While we have provided the sequencing data via formatted csv and raw sequencing reads to enable the user to employ their own sequence analysis pipelines, we found that a managed Hadoop cluster via Spark was an effective database implementation that could handle the large datasets with relatively low overhead.
We recommend Amazon Web Services Elastic Map Reduce (EMR) service which has the option to automatically setup a managed Spark Cluster. AWS has the added convenience of allowing the user you to designate the amount of worker nodes. More nodes means faster queries but will have a higher cost.
To setup an AWS EMR cluster, you can use the command line in this repo start_cli.sh
. However, there are several caveats. The security groups sg-xxxx
and subnet subnet-xxxx
need to changes to your own security groups and subnet.
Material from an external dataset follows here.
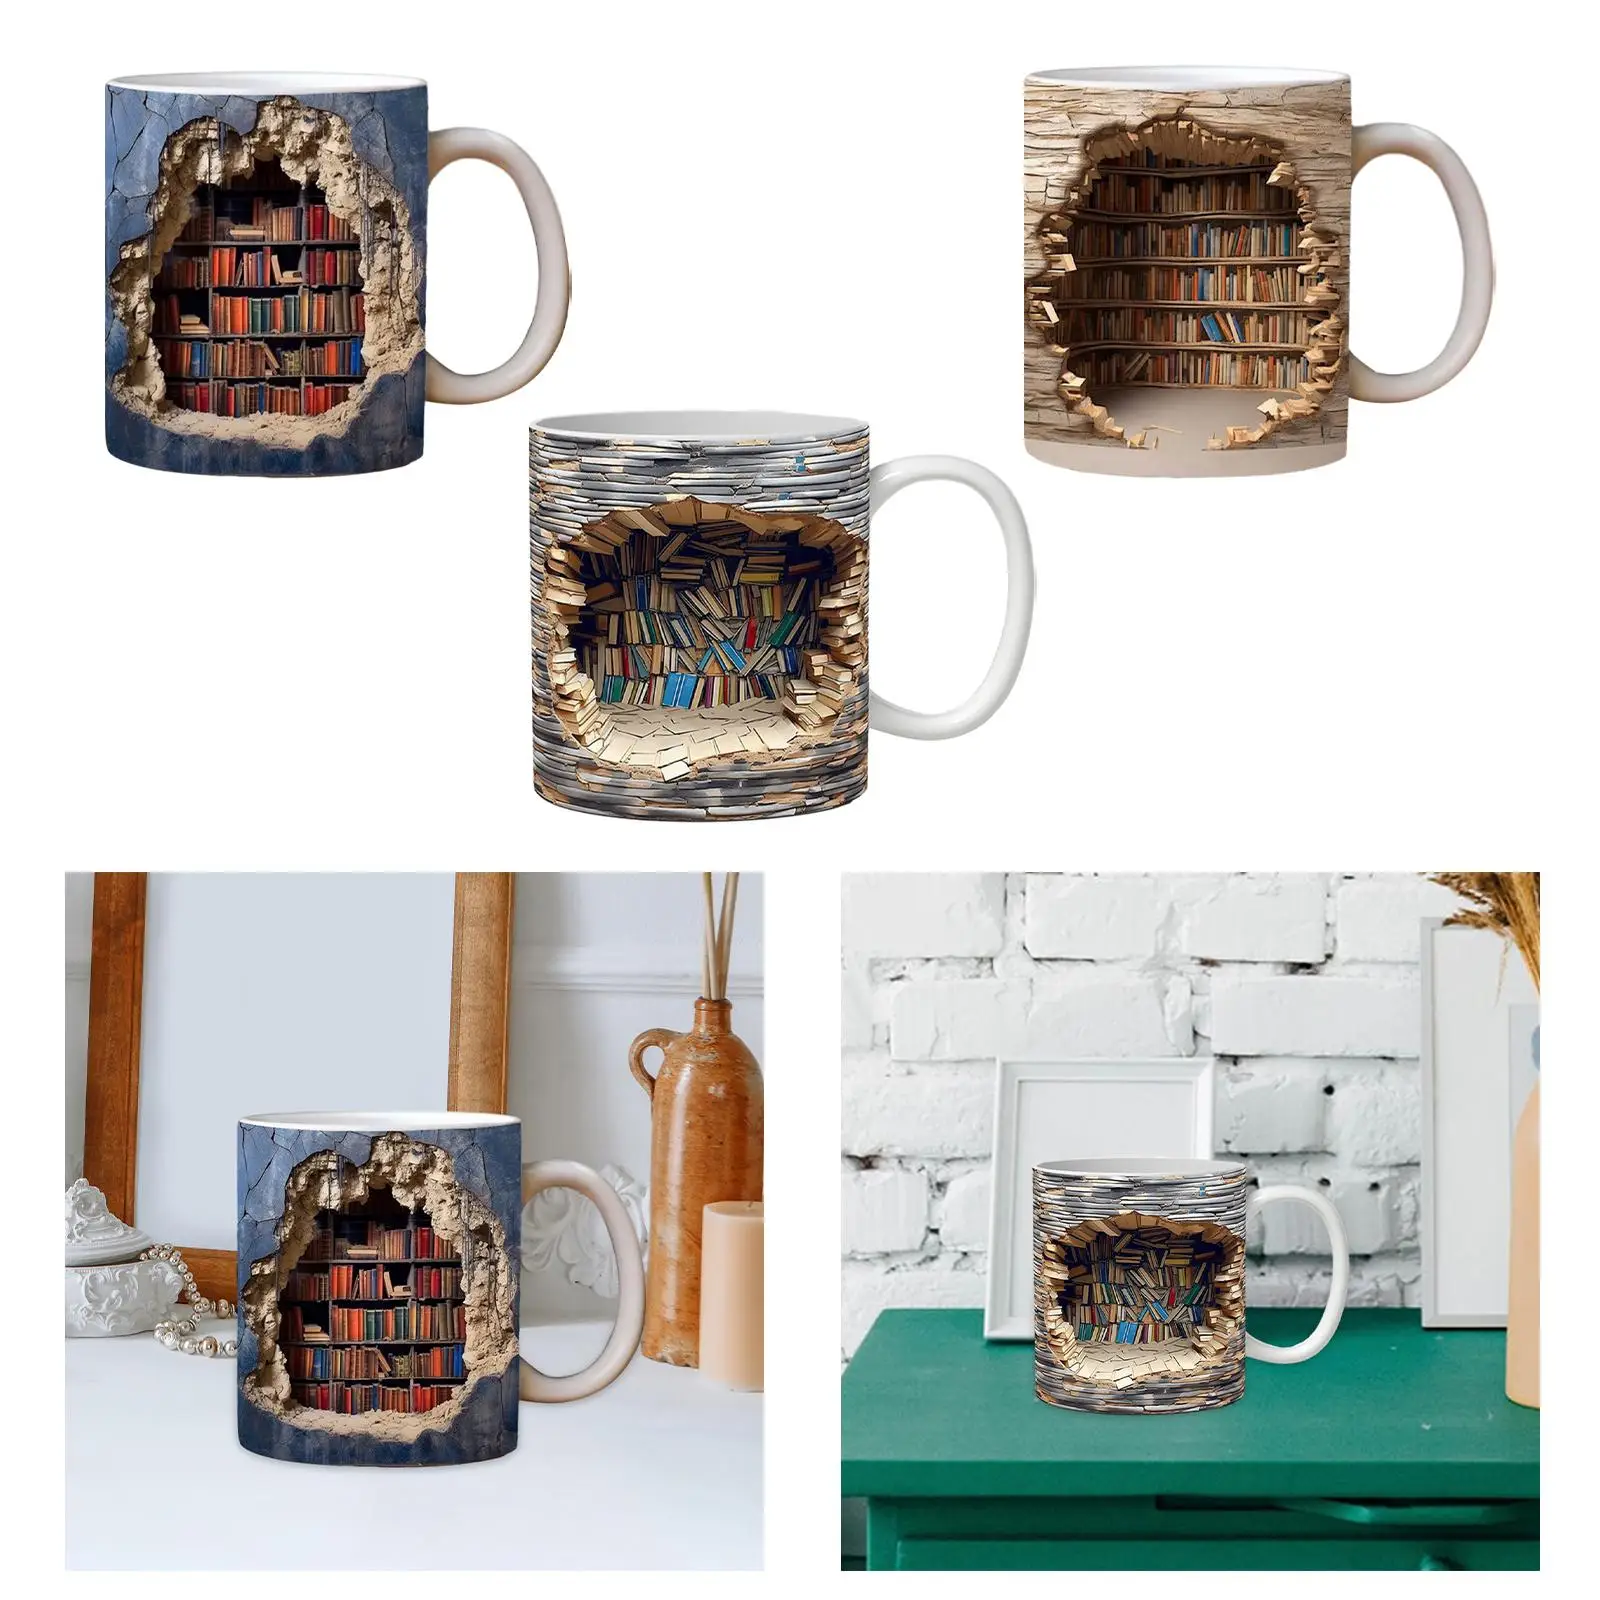 Bookworm Coffee Mug 3D Bookshelf Mug Handmade Pottery Mug Tea Cup Gift for Readers Book Lovers Coffee Mug Book Club Drinking Cup

You can find these by going to the EC2 console and selecting the security groups and subnets you wish to use. You can also use the AWS CLI to find these values.
If you don't wish to use the AWS CLI
, you can use the AWS EMR Console to setup the cluster. We use the following settings:
including:
- JupyterHub
- JupyterEnterpriseGateway
- os-release-label: 2.0.20220606.1
We recommend 1 main node (m5.xlarge
) and 10 worker nodes (m5.2xlarge
). The subnets and security groups will automatically be created. You can then use the Notebooks option from the EMR console. You can then import our notebook V2ApexFrequency.ipynb and run the queries as is.